I hope you're right.

If BPF is always 32 bits and people have to deal with the 64 bit pain
anyway, you can as well have one fixed ABI that is always the same and
cross-platform by just making the arguments always 64 bit, with lower
and upper halves in a fixed order to avoid endianness problems. This
would be compat and future safe.

>> So considering that you seem to be stuck with running 32 bits BPF
>> filters anyway, you can as well make the input always 32 bits or
>> always 64 bits. 32 bits would lose information sometimes, so making
>> it always 64 bits without sign extension seems logical.
>
> This is not fully formed logic. BPF can operate on values that exceed
> its "bus" width. Just because it can't do a load/jump on a 64-bit
> value doesn't mean you can't implement a jump based on a 64-bit value.
> You just split it up. Load the high order 32-bits, jump on failure,
> fall through and load the next 32-bits and do the rest of the

Yes, hence my proposal to just bite the bullet and provide a fixed,
cross-platform 64 bit argument interface.
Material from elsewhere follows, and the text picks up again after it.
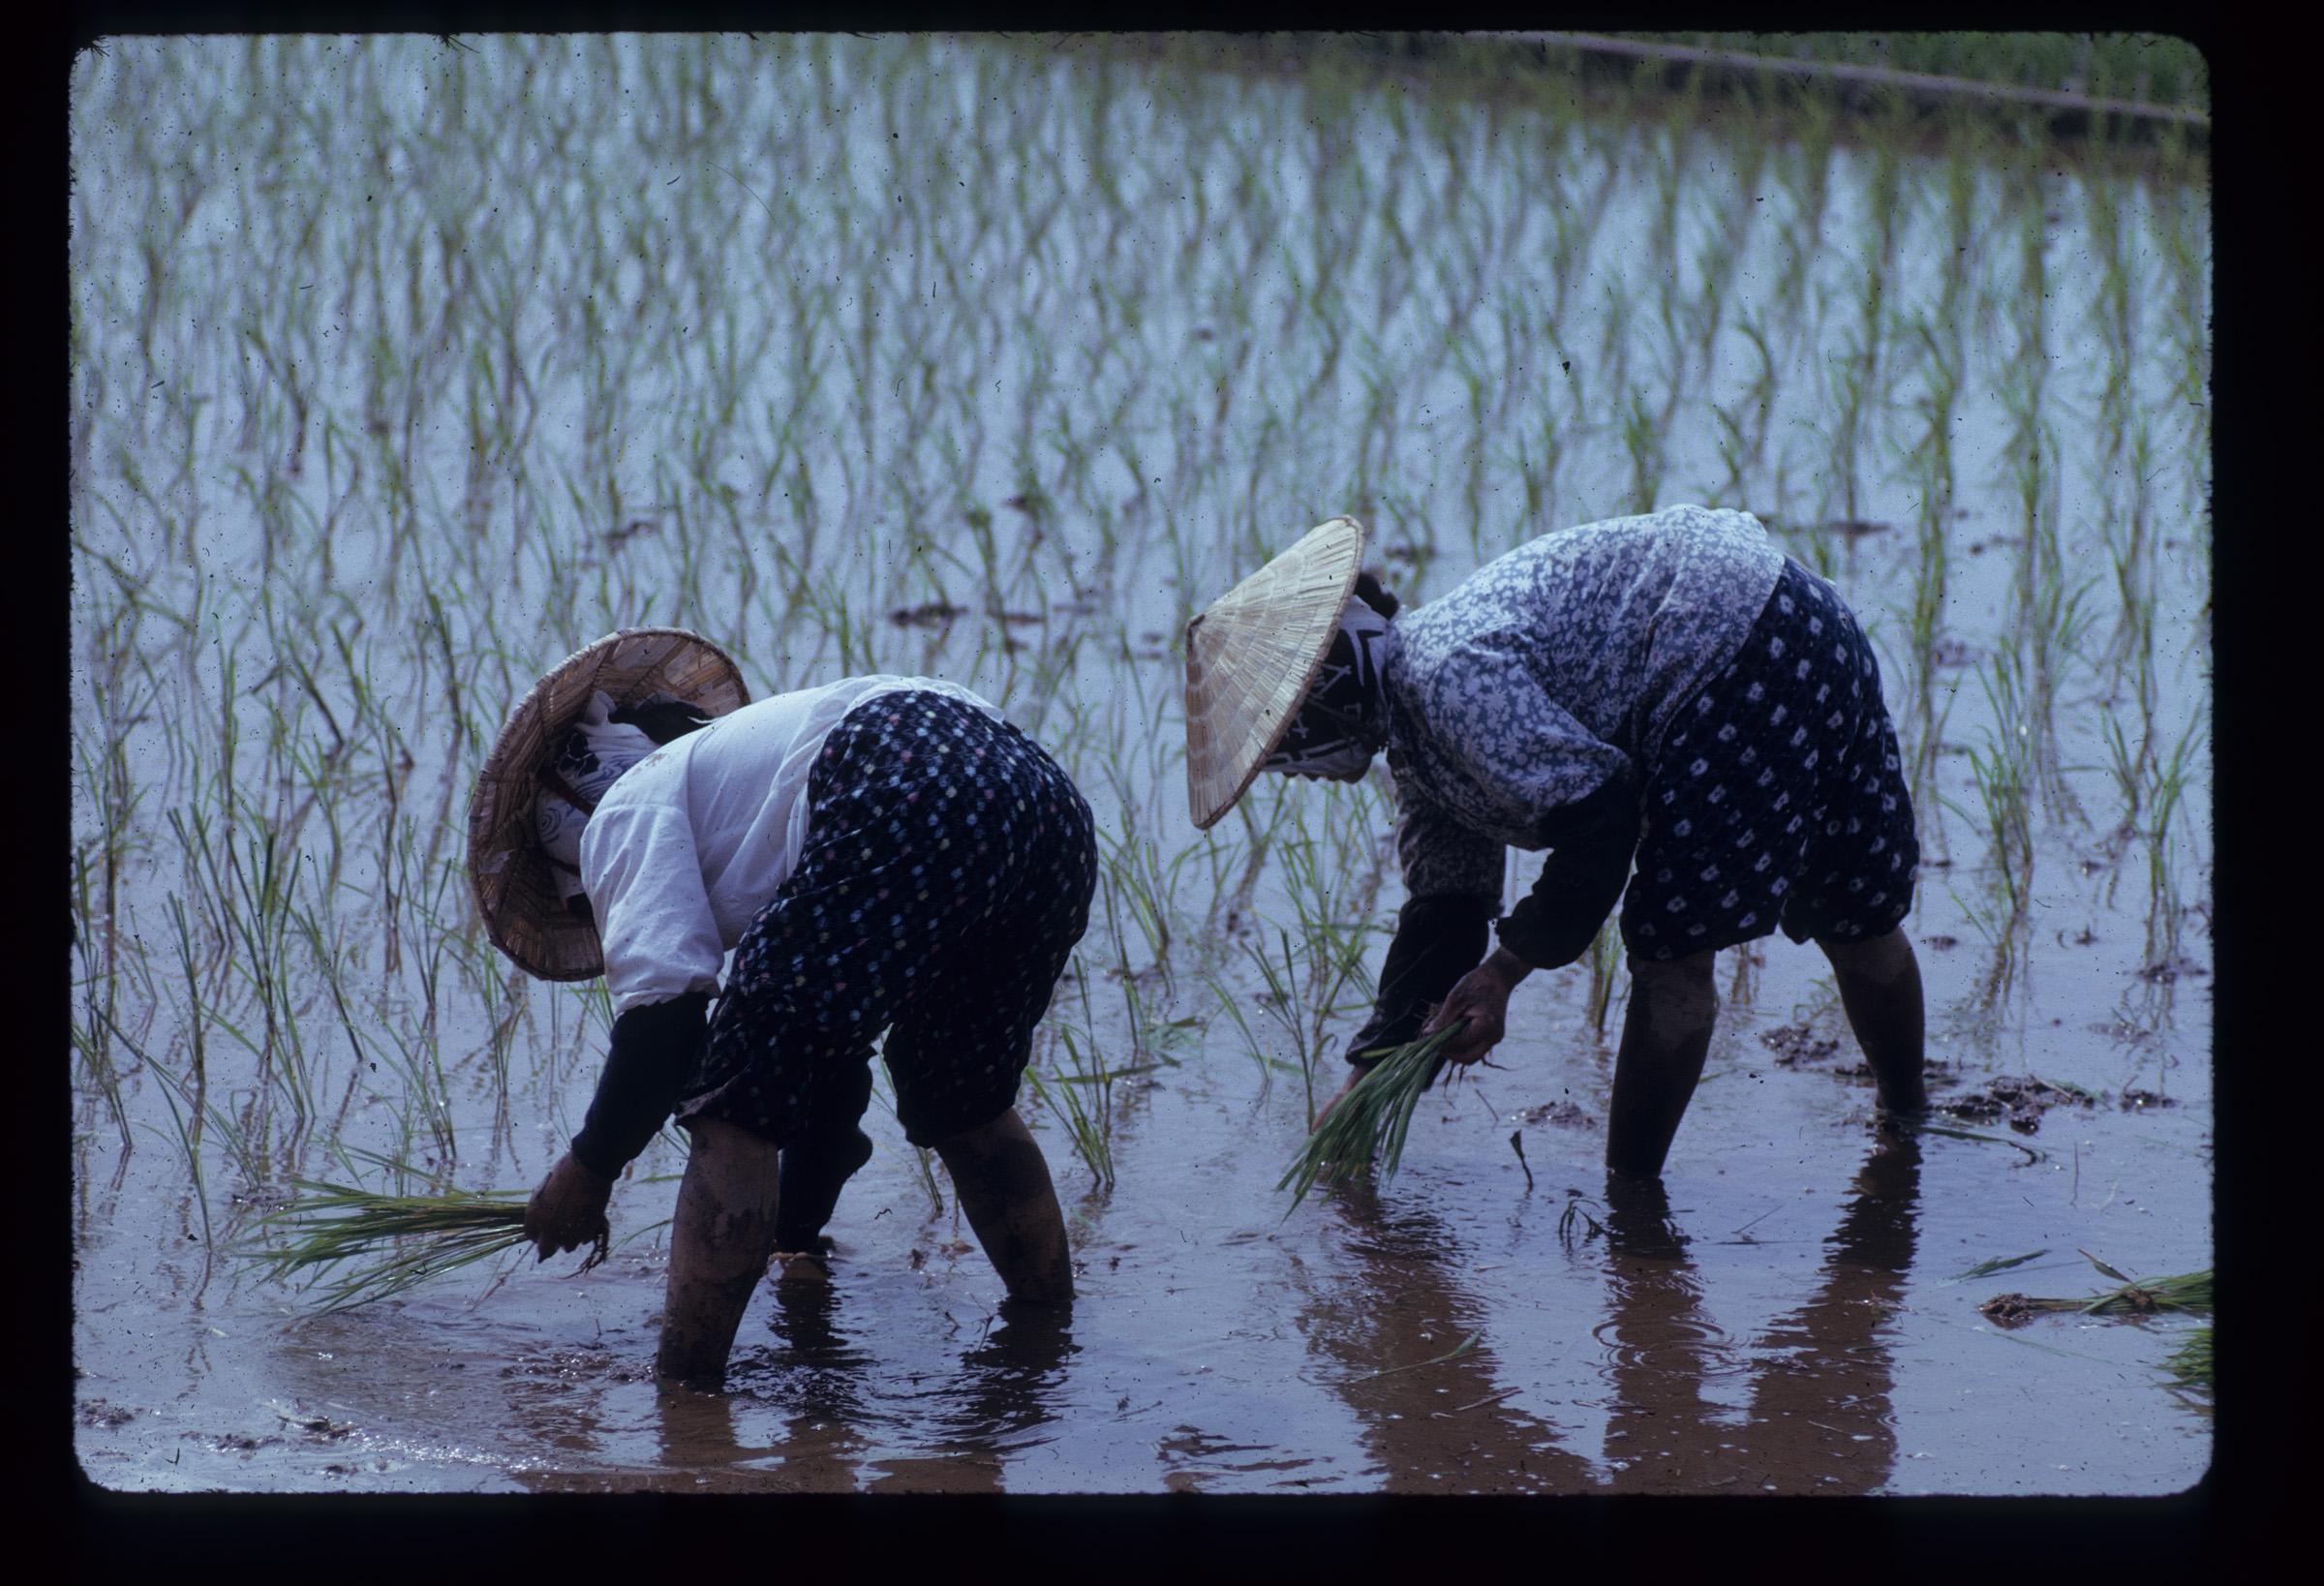 Women planting rice, Japan, 1961

> comparison. Extending Eric's python translator wouldn't be
> particularly painful and then it would be transparent to an end user.

Your end user uses your ABI directly, Eric's python translator is only
one of them.

>> This would
>> uglify the actual BPF filters immensely though, because then they
>> often have to check the upper argument half too, usually just to
>> make sure it's zero. They can't be sure that the kernel will ignore
>> the upper half for 'int' arguments.
>
> Of course not! This will uglify the filters until someday when BPF
> grows 64-bit support (or never), but it's not that bad. The BPF
> doesn't need to be pretty, just effective. And it could be made even
> easier with JIT support enabled since it could provide better native
> code behaviors.

What JIT? If there is one I doubt it's smart enough to consolidate two
32 bit operations into one 64 bit operation.
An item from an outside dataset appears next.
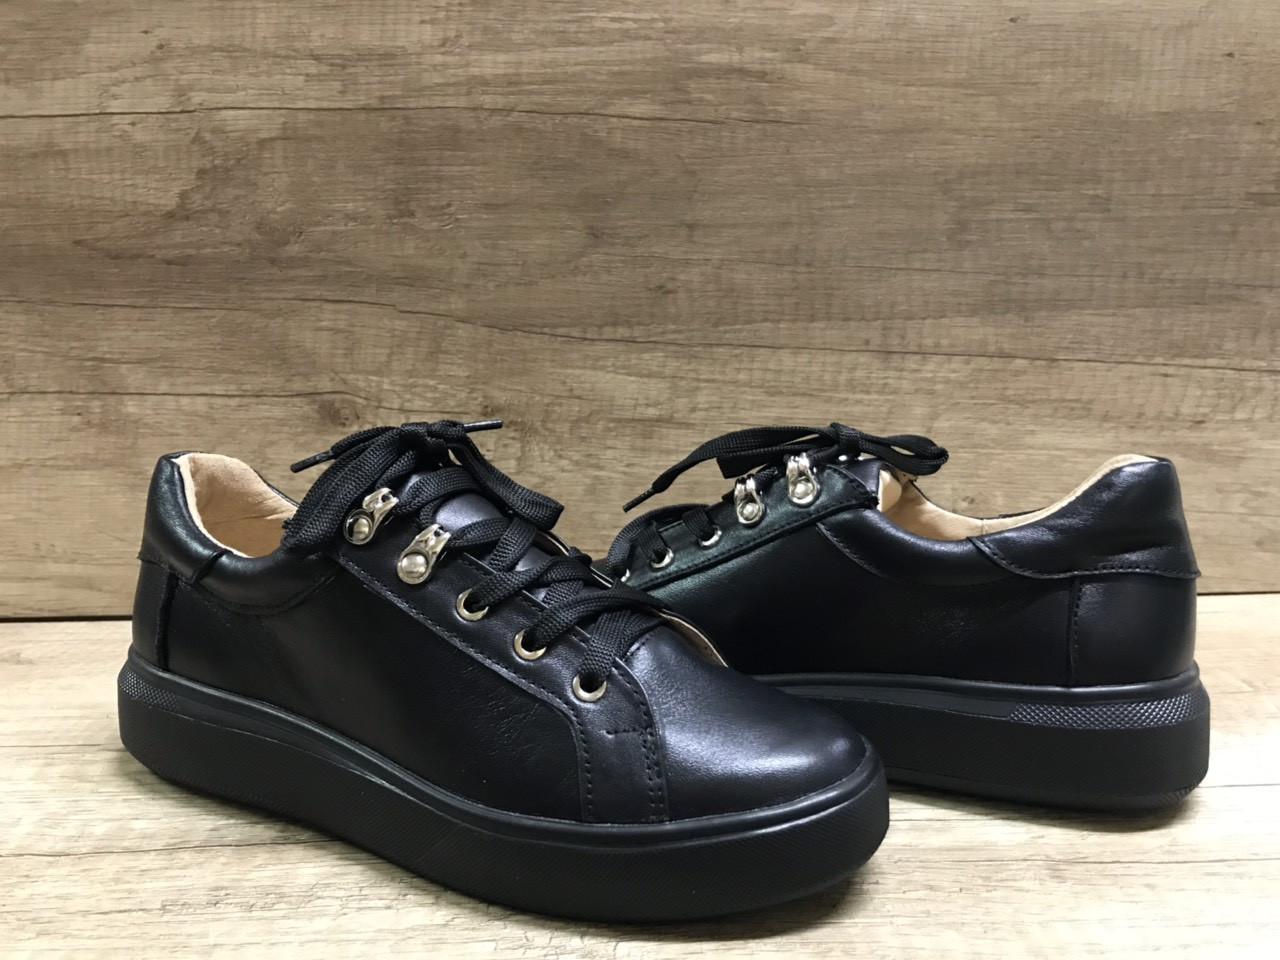 Стильные женские кеды черного цвета Anridecollo 649/161

>> So I suppose the question is: How do you expect people to use this on
>> 64 bit systems?
>
> As mentioned above. The whole point of using BPF and user_regs_struct
> is to implement _less_ kernel magic instead of more.

At the cost of making it cross-platform and harder to use. I think it is
a bit sad that the code still ends up being so platform dependent while
it is running in a virtual machine.

And you still have to fix up the compat case.

[...]
>>> If we do a new ABI, not only does that
>>> have to be exported to userland, but it means we're still copying and
>>> munging the data around (which was why I was trying to see if pt_regs
>>> was a easier way to get a speed boost).
>>
>> The difference is that the register ABI uses the messy ptrace ABI which
>> is a bit strange and not cross-platform, while simply exporting system
>> call arguments is plain simple and what everyone tries to get out of the
>> pt_regs anyway.
>
> user_regs_struct != pt_regs. user_regs_struct is acquired using
> regviews which is already provided by each arch for use by coredump
> generation and PTRACE_[GS]ETREGS. There is no messy ptrace ABI.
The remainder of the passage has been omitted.